Wednesday, August 08, 2007

Democrats Have Not Changed

Democrats Have Not Changed

I can not read anywhere as much as I need to - or used to, but I rarely miss David Warren. He may be Canadian, but that does not stop him from being a more than average writer, almost necessary, in fact. He almost always gets it right. And so it is with a recent post about Iraq, and how things are looking up, and how the democrat forces are praying that the clock runs out on victory, so they can feast on another American defeat. But within that post, there is a great description of how the Democrats of today are alike to those of the Viet Nam era. As he writes:
[i]t is important to remember the history. A previous generation of these Democrats first insisted on shoving their South Vietnamese allies aside, and trying to run the war for them; then of imposing all kinds of restraints on their battlefield commanders which, in aggregate, made victory impossible. And then, when they tired of the war, they abandoned the Vietnamese to their fate, with the additional Congressional touch of cutting off South Vietnam’s supply of arms and ammunition. Finally, they just watched as the Communist guerrillas from the jungle were replaced by North Vietnamese regulars in tanks, driving openly down the American-built highways to receive the surrender of Saigon, while the U.S. Seventh Fleet was hovering offshore, with the equipment to "mow them down to marmalade."

It was a rout so ignominious, that it destroyed the credibility of the United States, probably adding ten years to the life of the Soviet Empire. It inspired Communist advances in Afghanistan, Angola, Ethiopia, Nicaragua, and elsewhere; and, little appreciated at the time, Islamist advances overtly in Iran, and covertly throughout the Muslim world.

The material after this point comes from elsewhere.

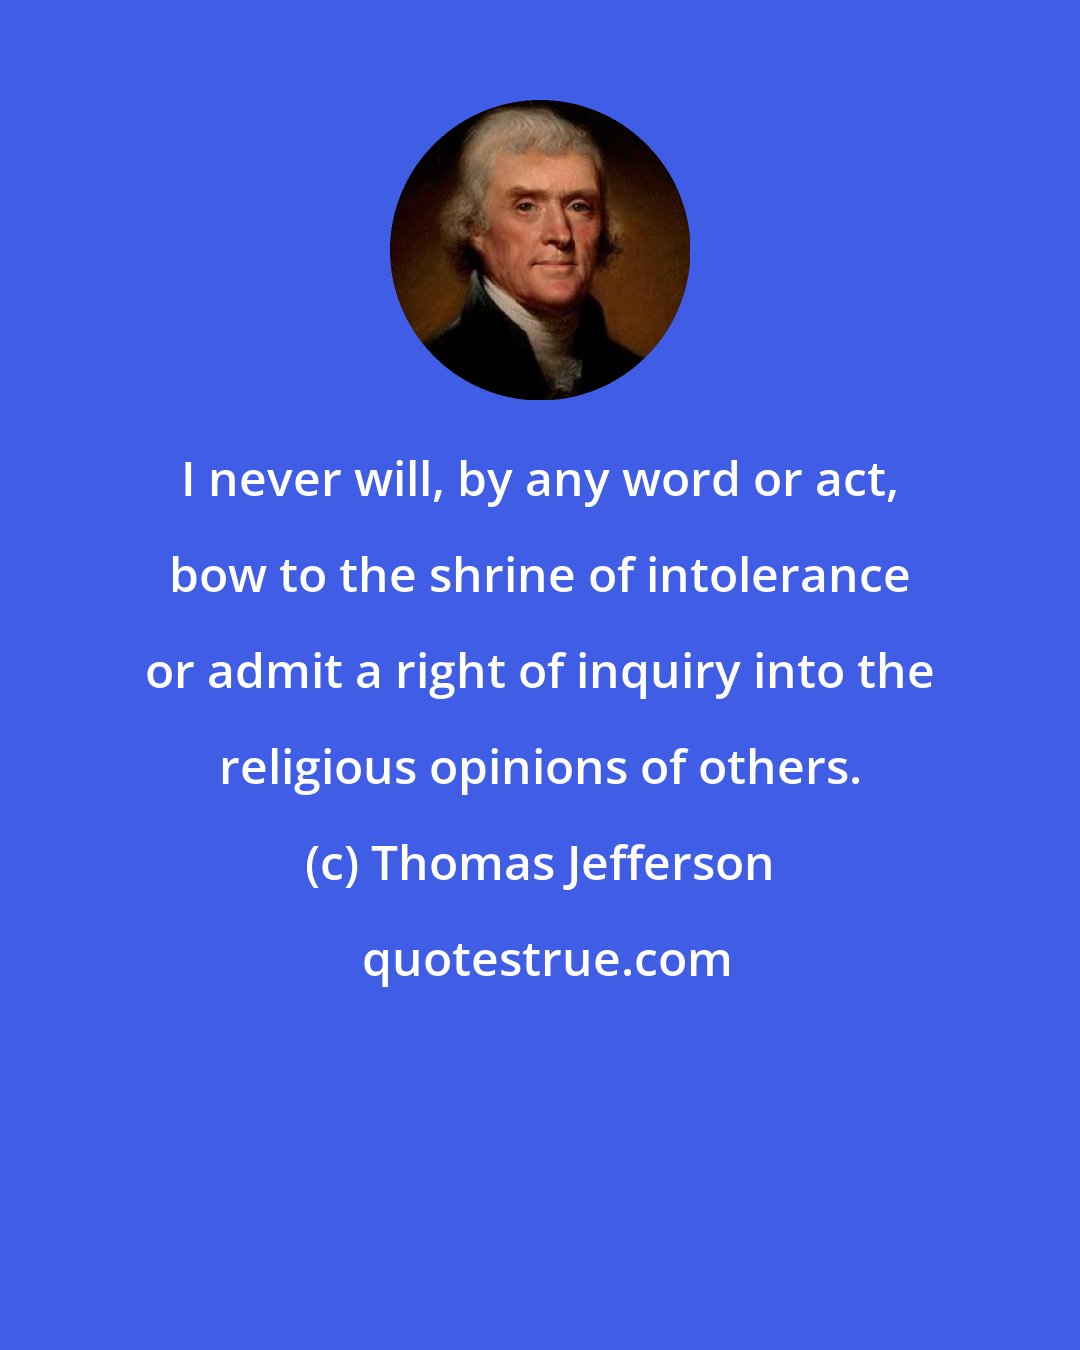 Thomas Jefferson: I never will, by any word or act, bow to the shrine of intolerance or admit a right of inquiry into the religious opinions of others.

Such Democrats -- not all Democrats, there were “Scoop Jackson Democrats” throughout the Cold War -- often complain that their Republican opponents “question their patriotism,” when all they have done is advocate a policy of defeat and humiliation for the United States abroad. All I can add to Dr Johnson’s famous remark that “patriotism is the last refuge of a scoundrel,” is the observation that traitors tend to be especially sensitive to the charge of treason.
Precious, absolutely on the mark. I know that fossils like David Warren (and me) are always getting back to Viet Nam, but we do need to learn the lessons that 58,000 of my contemporaries lost their lives for, or they will have given their lives in vain. I keep telling myself that, if only we can get past the next election in one piece, everything will be all right. And we just might.